┌─ DATA

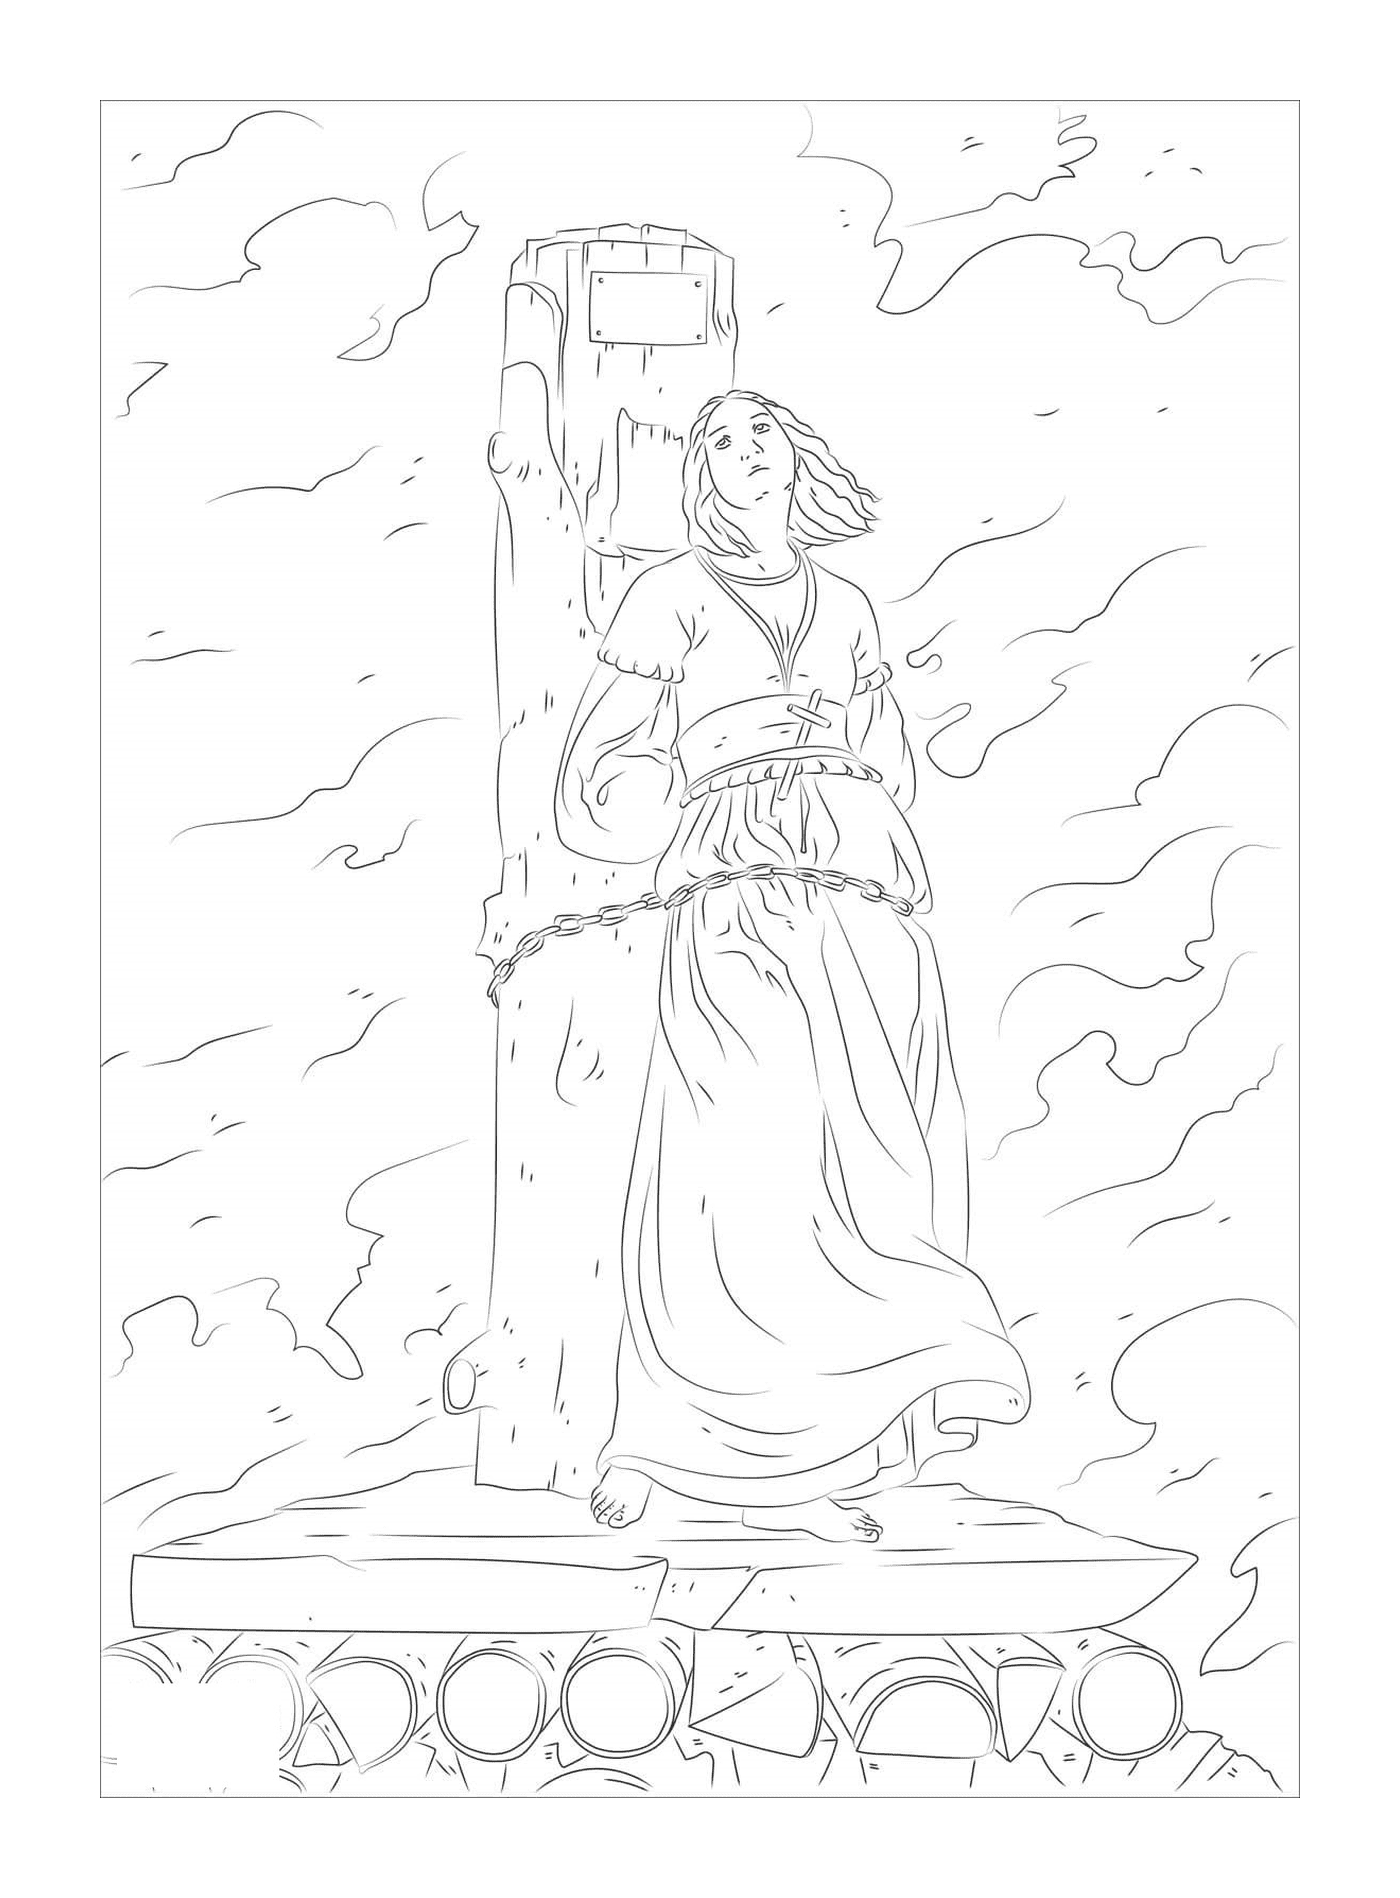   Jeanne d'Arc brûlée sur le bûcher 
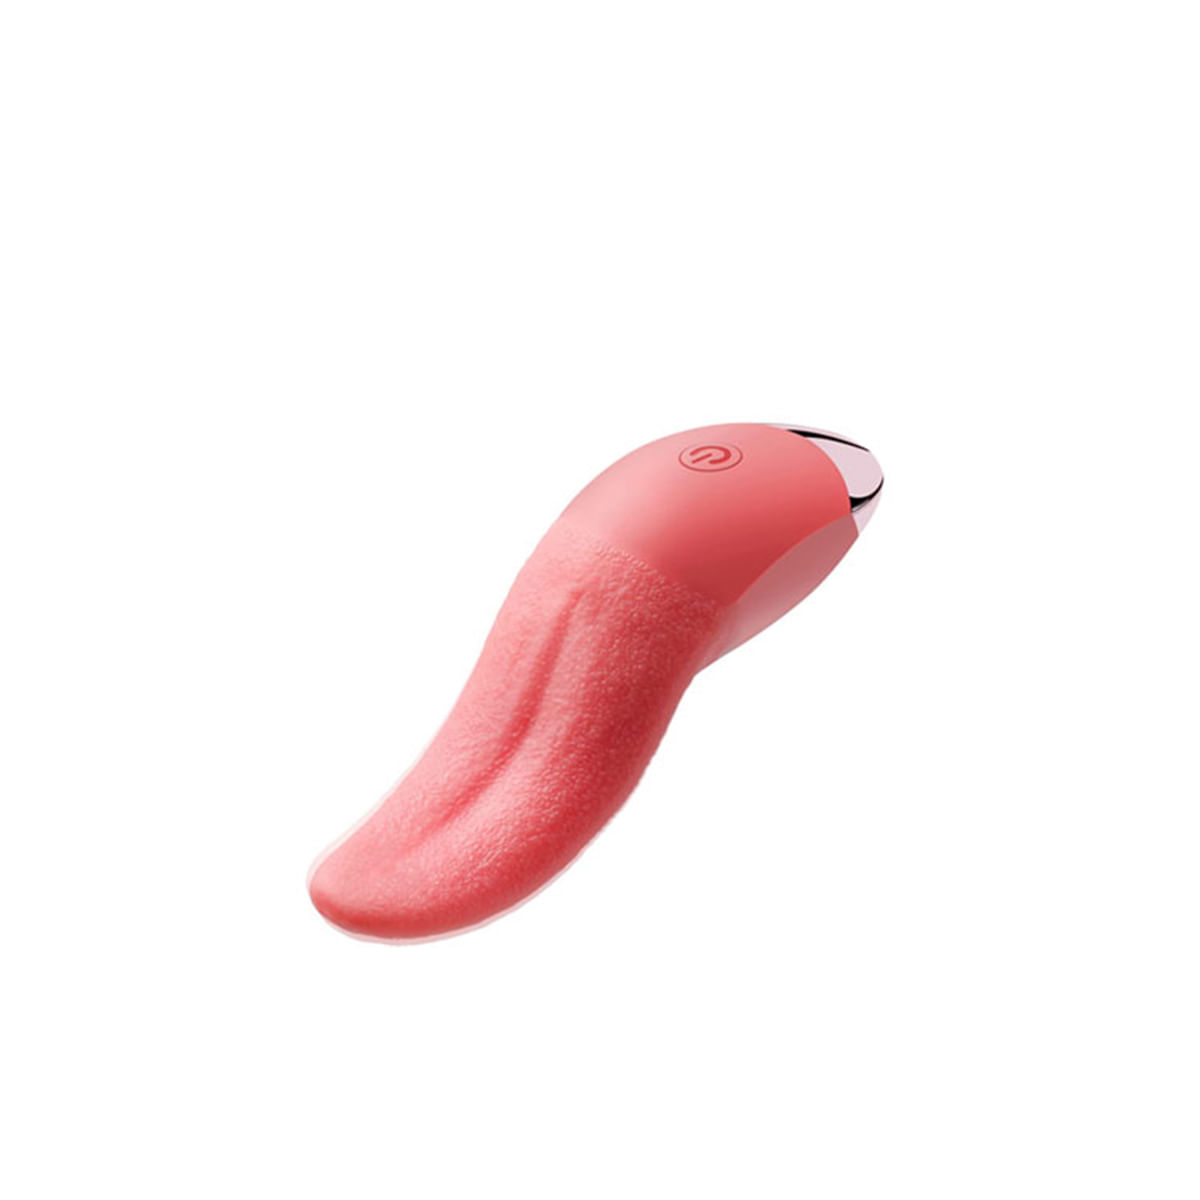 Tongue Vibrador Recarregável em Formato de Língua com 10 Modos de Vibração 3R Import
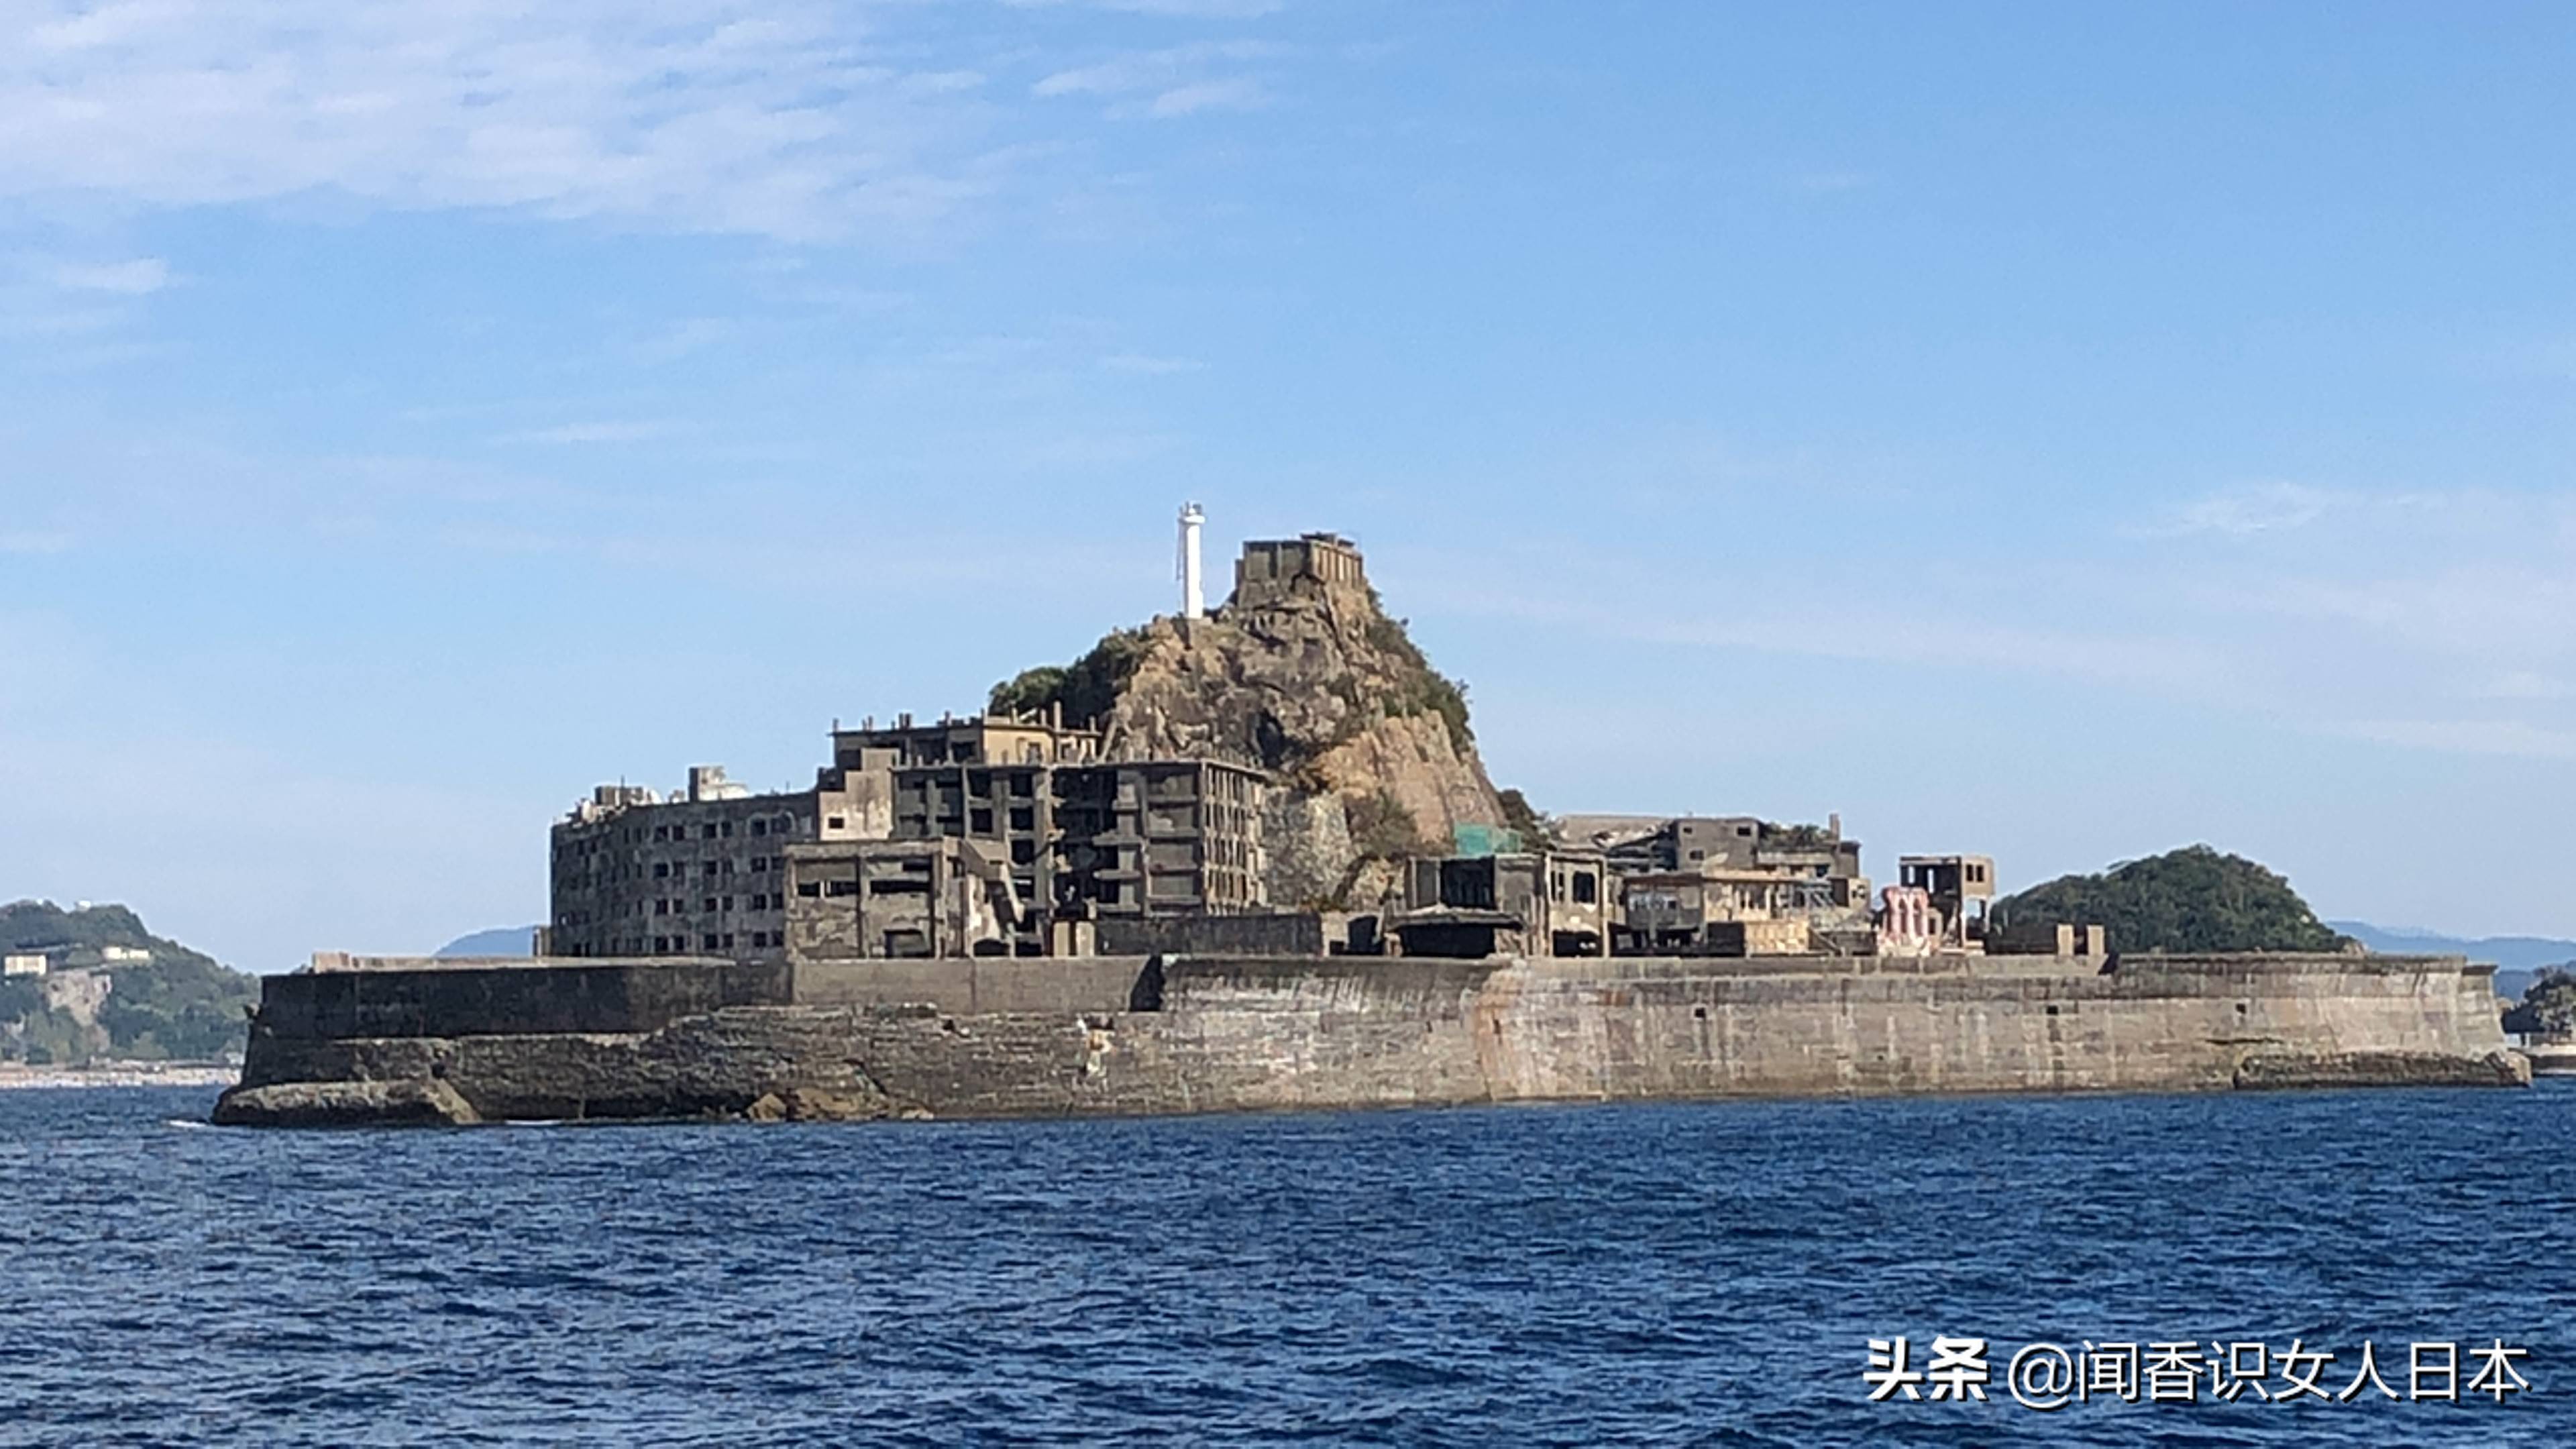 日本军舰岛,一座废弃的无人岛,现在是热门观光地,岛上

└─

> **TASK BRIEF**:
Repeat each line above exactly. The pictures stay out.

> **ANSWER BELOW**:
   Jeanne d'Arc brûlée sur le bûcher 
 Tongue Vibrador Recarregável em Formato de Língua com 10 Modos de Vibração 3R Import
 日本军舰岛,一座废弃的无人岛,现在是热门观光地,岛上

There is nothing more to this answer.